• _TASK ITEM_: Output the listing below verbatim, without images.

• _RAW DATA_:
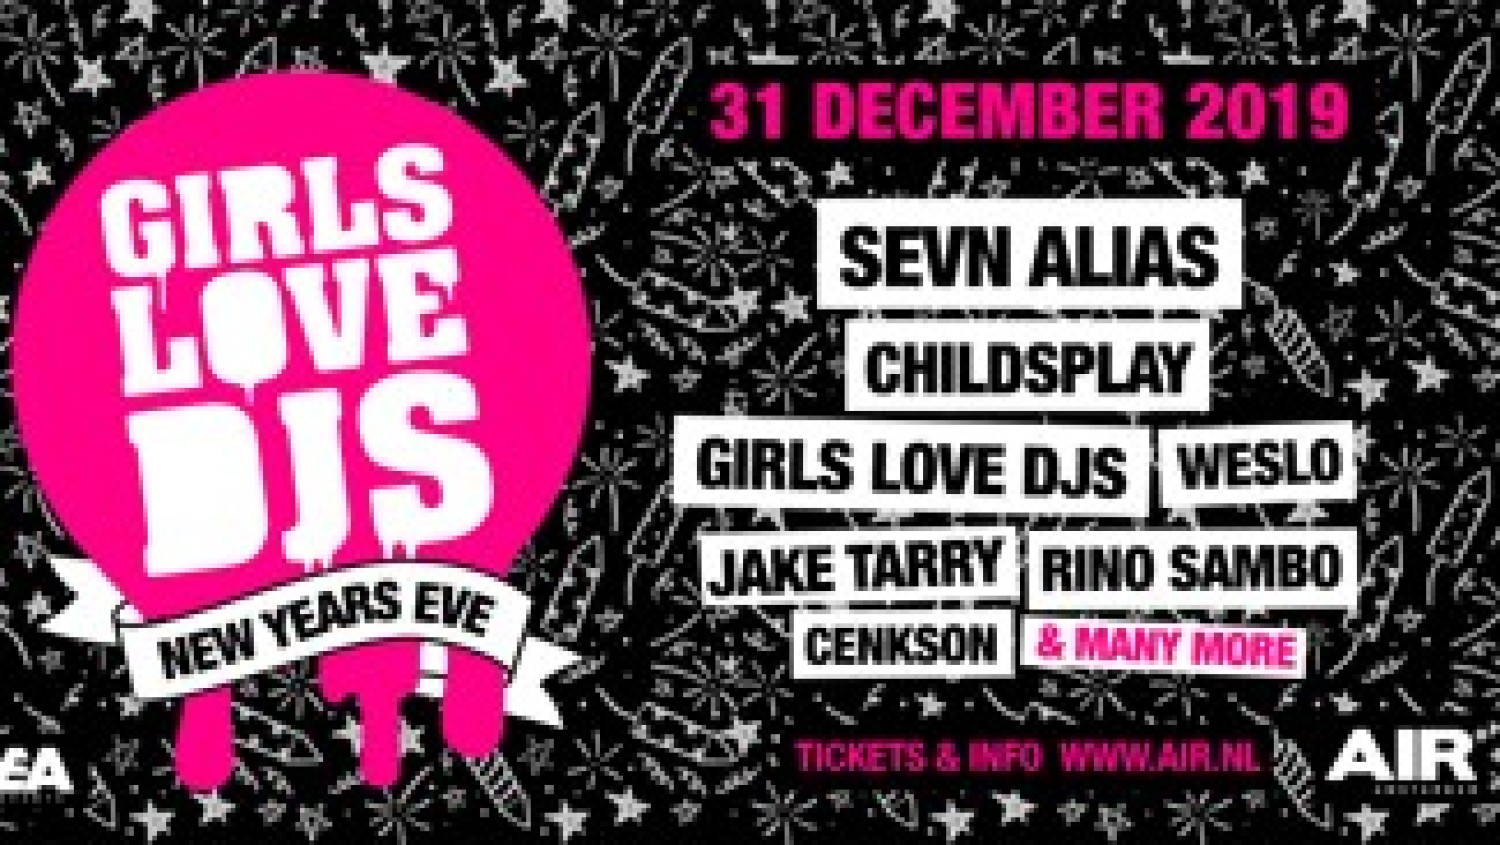 Party nieuws: Laatste tickets voor Girls Love DJs NYE nu in de verkoop!
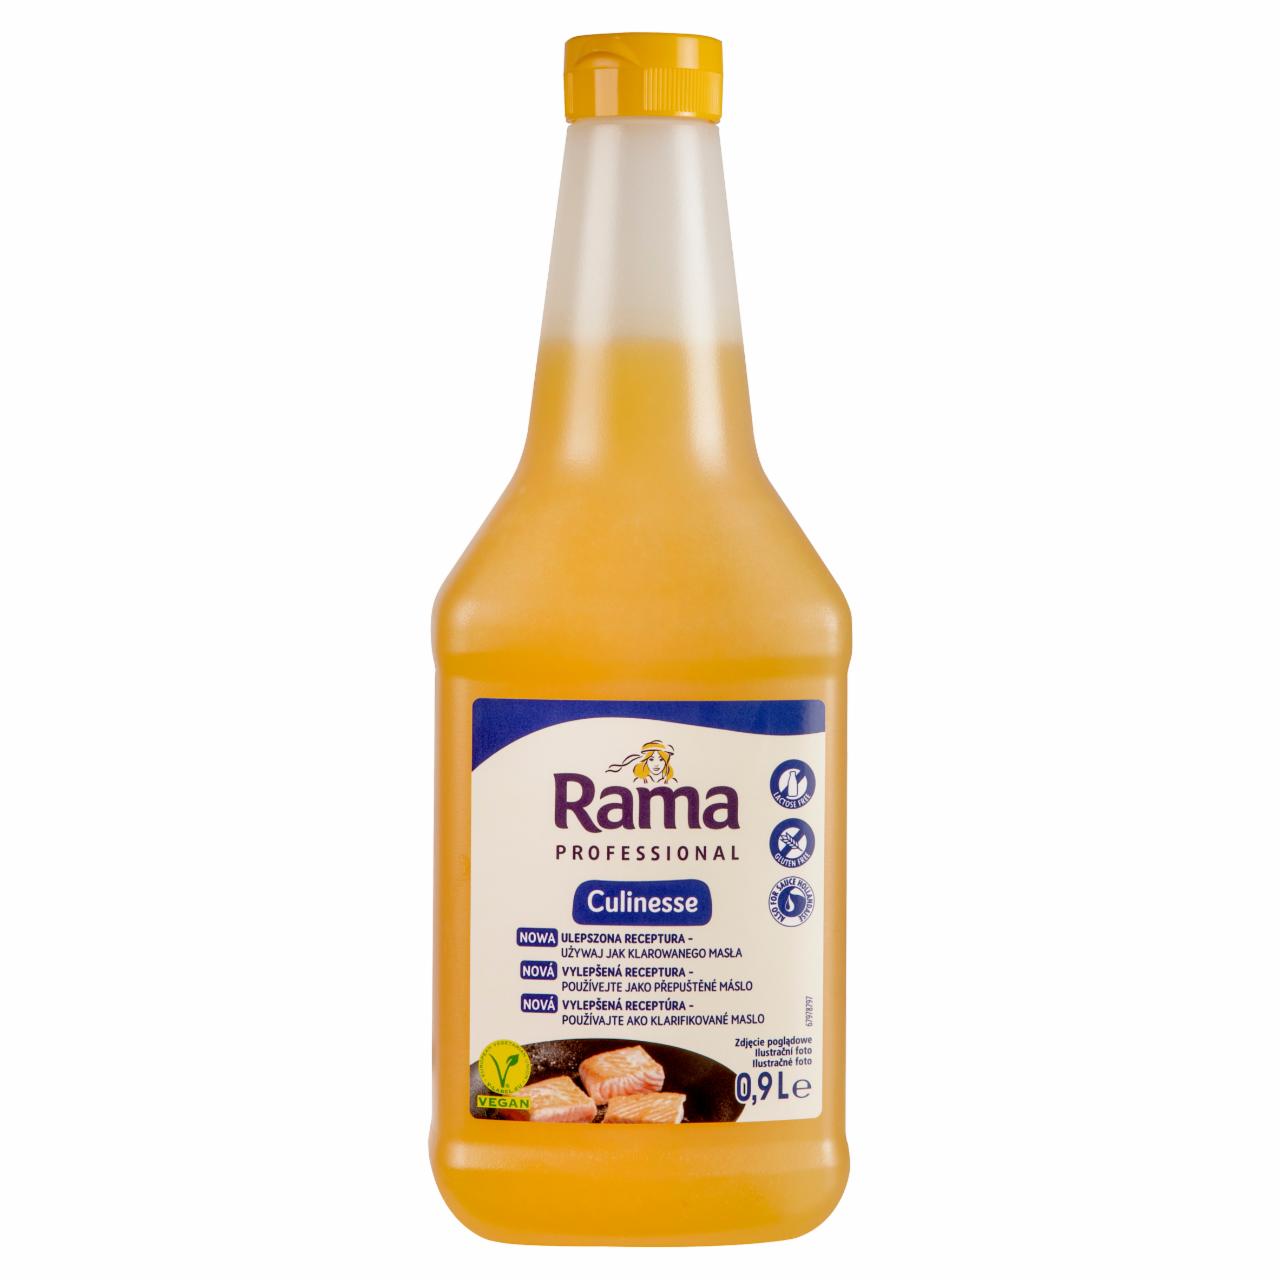 Zdjęcia - Rama Culinesse Płynna mieszanka tłuszczów i olejów roślinnych 0,9 l
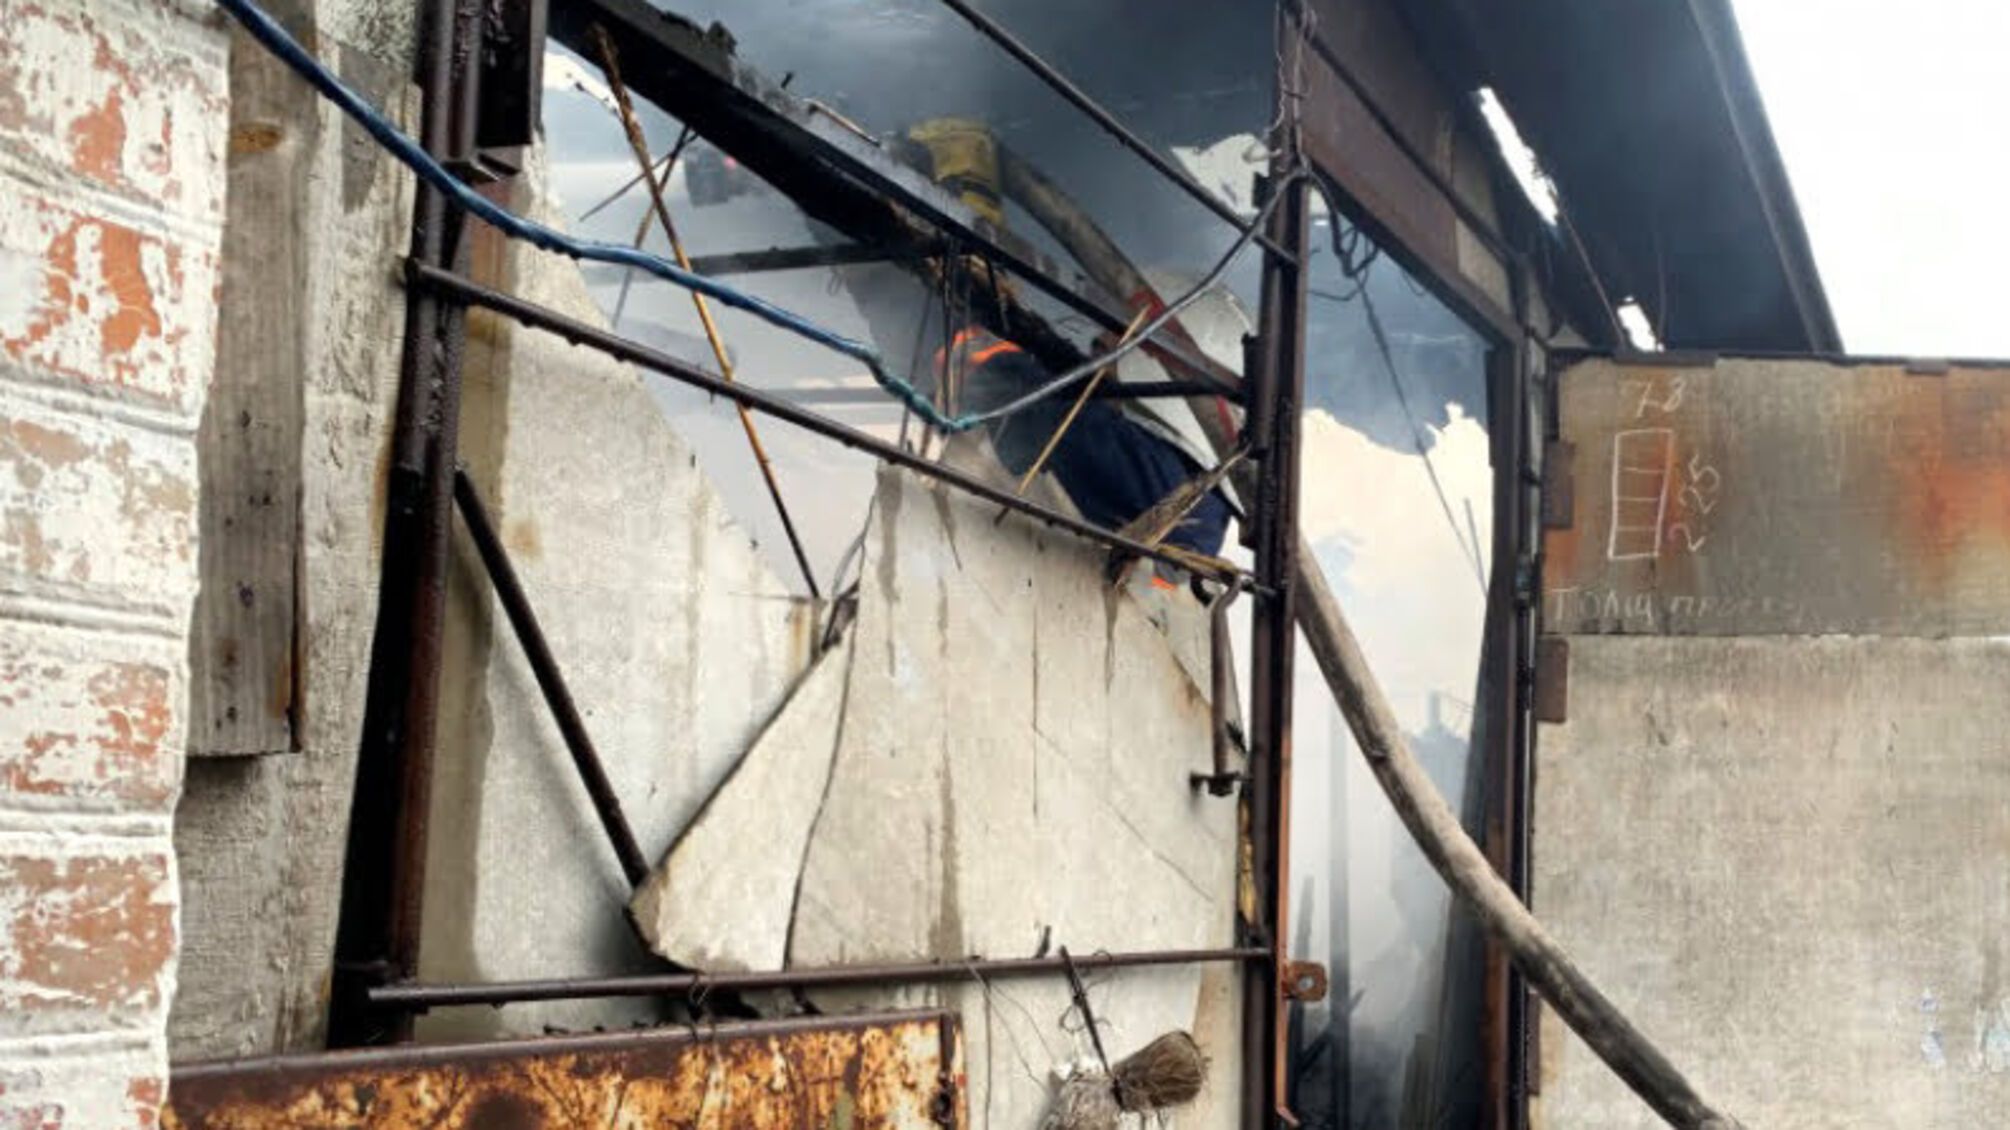 Полтавська область: рятувальники ліквідували пожежу в сіннику

• _SOLUTION TO THIS TASK_:
 Party nieuws: Laatste tickets voor Girls Love DJs NYE nu in de verkoop!
 Zdjęcia - Rama Culinesse Płynna mieszanka tłuszczów i olejów roślinnych 0,9 l
 Полтавська область: рятувальники ліквідували пожежу в сіннику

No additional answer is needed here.